Getting More for Our Money in Health Care
As we look to the future of health care in America, one thing we can all agree on is the critical role of primary care in controlling costs and safeguarding the nation’s health. There is a wealth of evidence showing that a strong foundation of primary care is what the health care system needs to deliver on the “triple aim” of better health, better care and lower costs.
Unfortunately, current spending on primary care represents just 6% of total health care spending in the United States. Increasing it to 12%, according to the American Academy of Family Physicians (AAFP), would cut per-patient costs and lead to a decrease in overall health care expenditures.
Cutting costs, of course, is not our only priority – more important is keeping people healthy. That is what is happening around the country in places where there are more primary care clinicians. Access to primary care reduces death rates for cancer, heart disease, stroke, and other diseases. In addition, patients with primary care access are less likely to be hospitalized. That is evident in the actions of a number of states that have adopted policies that prioritize primary care.
State initiatives include new value-based payment models that reward doctors and hospitals, not for the number of procedures they perform, but instead for improving the health of their patients.
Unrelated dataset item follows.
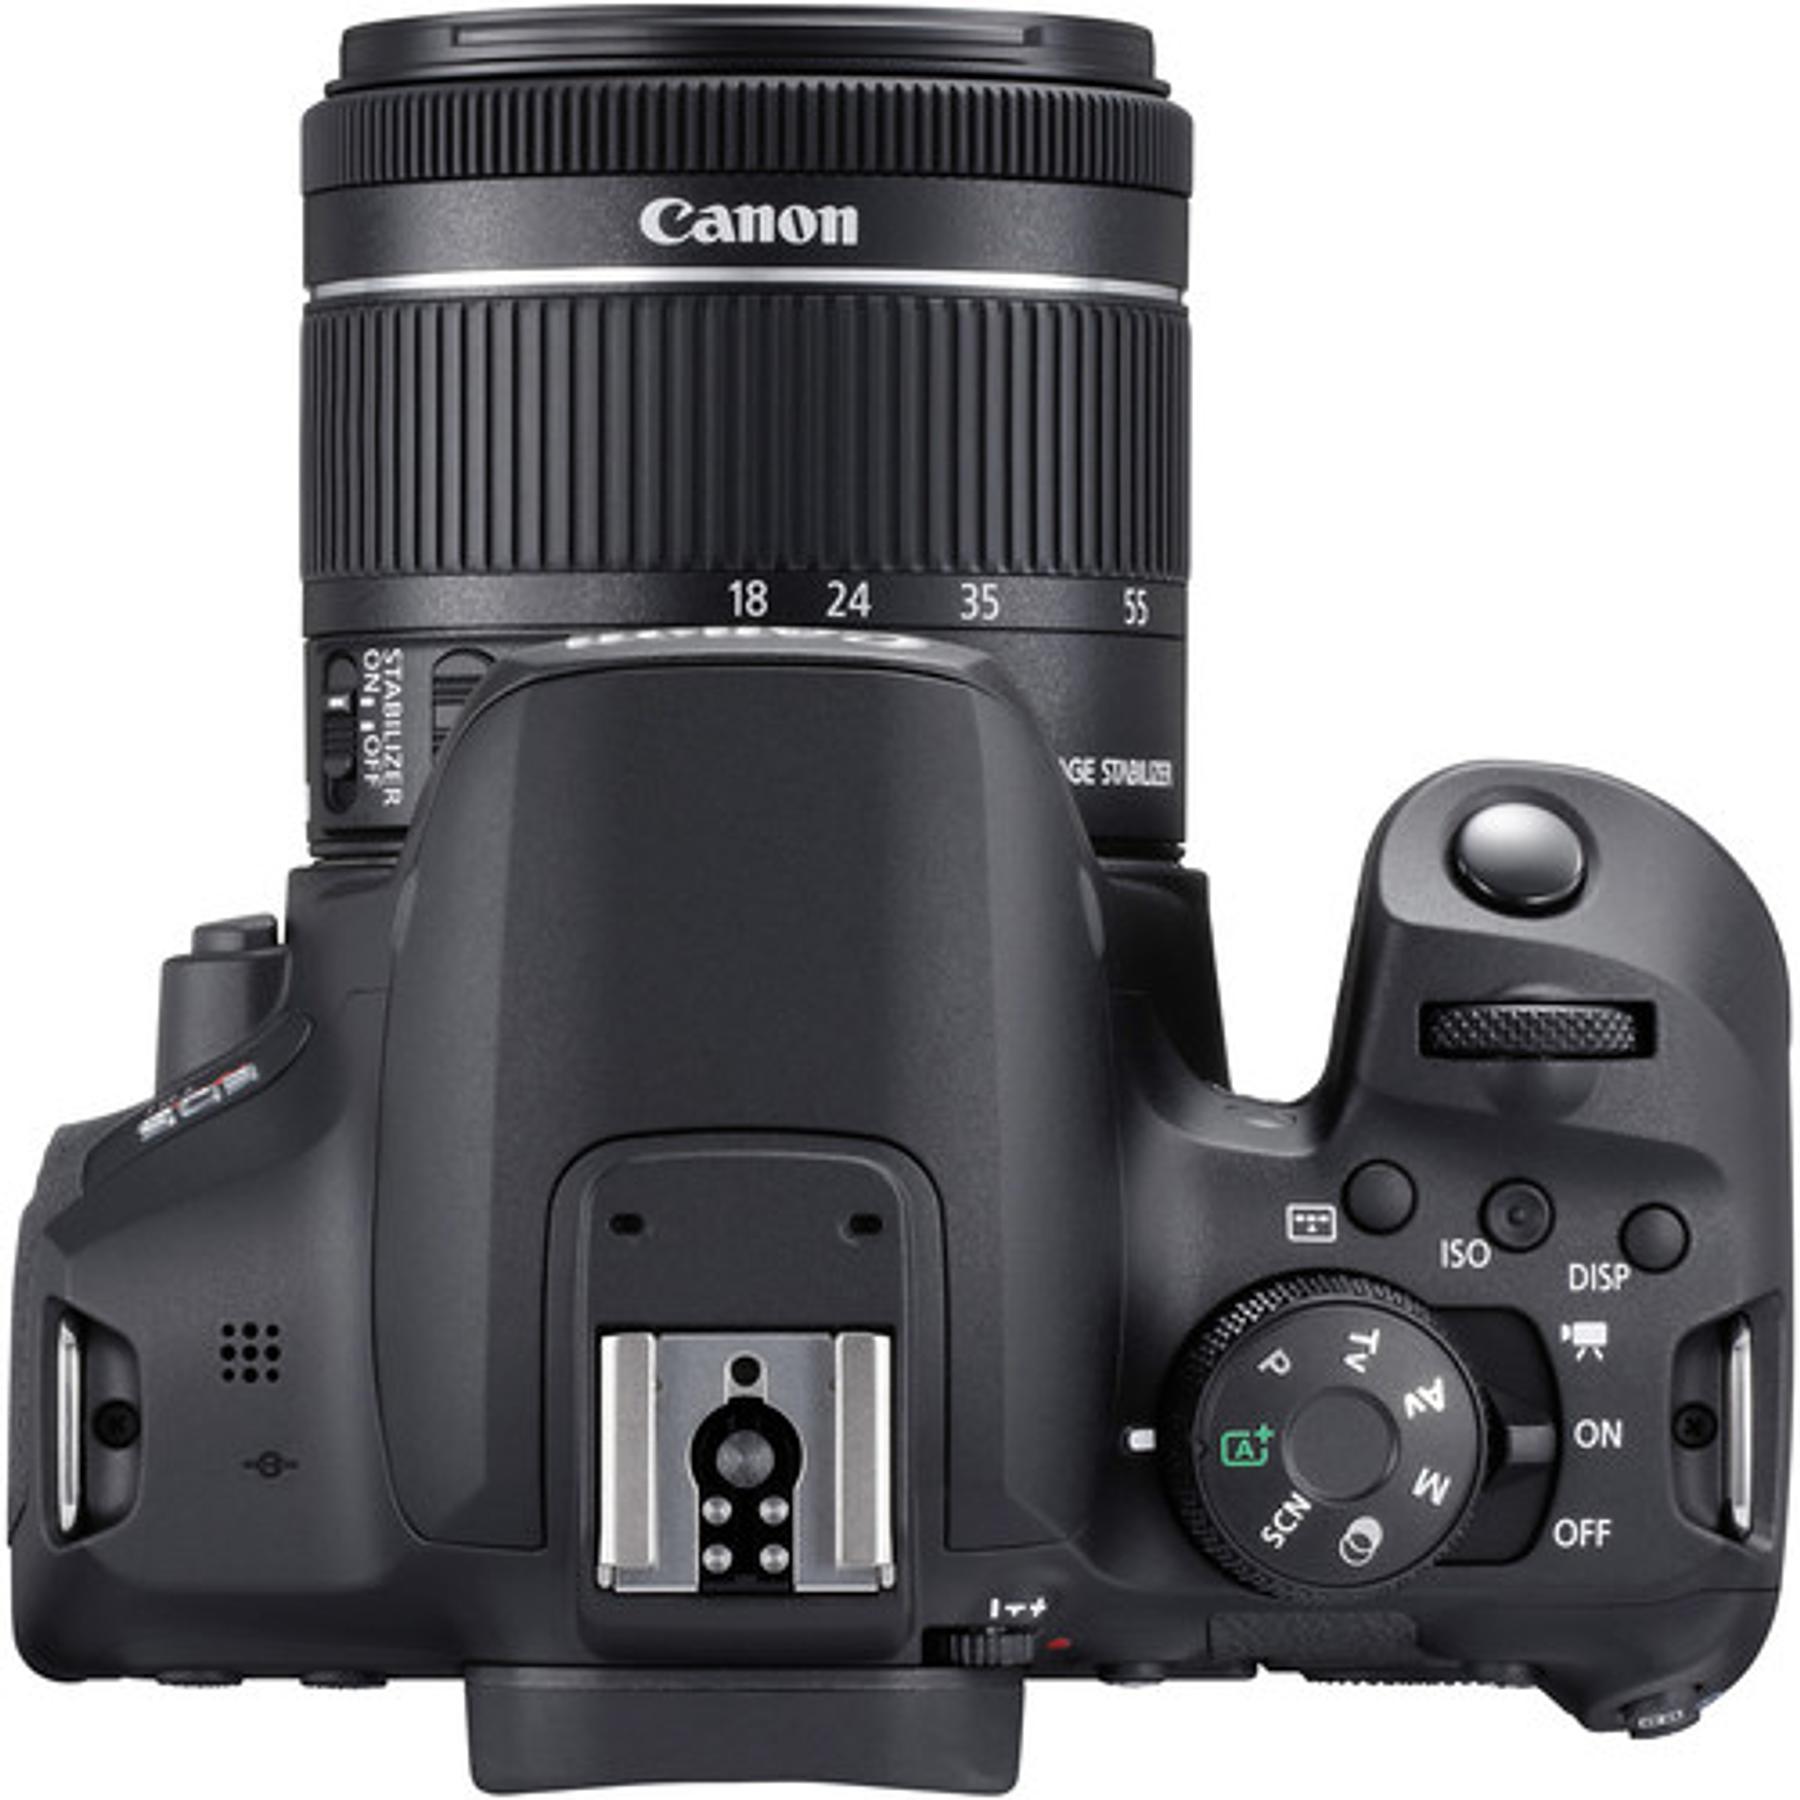 Cámara Canon EOS Rebel T8i DSLR con lente de 18-55 mm f/4-5,6 IS STM.
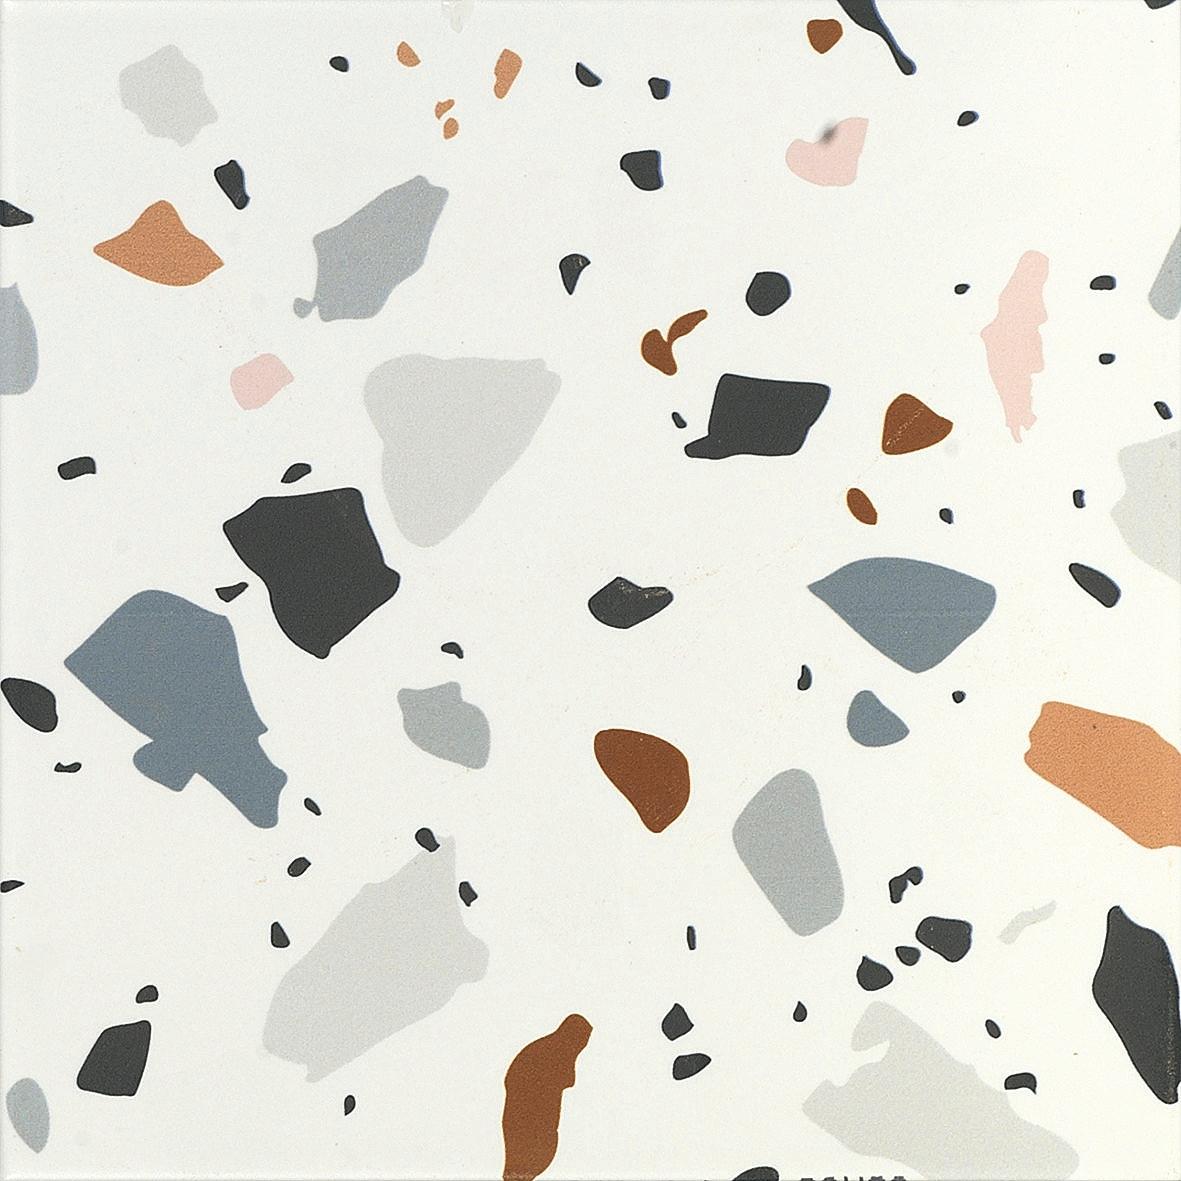 Background tile Trendy by Ape, Glazed porcelain stoneware, 20x20 cm, Surface Finish matte, Effect stone,terrazzo, Color multicolor,

The theme of value-based payment has been consistent across virtually every event held this year by the Alliance for Health Policy as part of the Future of Health Care series.
In Oregon, a new law will require all coordinated care organizations and commercial insurers to spend at least 12% of their total medical expenditures on primary care by 2023. This legislation was inspired in part by Oregon’s Patient-Centered Primary Care Home initiative, which saved an estimated $240 million between 2012 and 2014, achieving $13 in savings for every $1 increase in primary care spending.
A similar program in Michigan involving about 4,500 primary care doctors has helped transform care in the state, resulting in a 15% decrease in adult visits to emergency departments and a 21% decrease in ambulatory care sensitive inpatient stays.
As Oregon, Michigan, and other states have recognized, investment in primary care can help fix a system that is both expensive and underperforming, and too often driven by volume over value. The emphasis is well-placed, given that visits to primary care doctors account for more than 25% of all visits to doctors regardless of specialty.
As the “first line of defense” in the health care system, primary care should be at the heart of any national policy. That will go a long way toward providing Americans with quality and affordable health coverage.
Everyone in Washington should be able to agree on that.
T.R. Reid is a journalist, documentary film correspondent and the author of “Healing in America.” Glen R. Stream, MD, MBI is a family physician in La Quinta, CA and president and board chair of Family Medicine for America’s Health, which sponsors Health is Primary.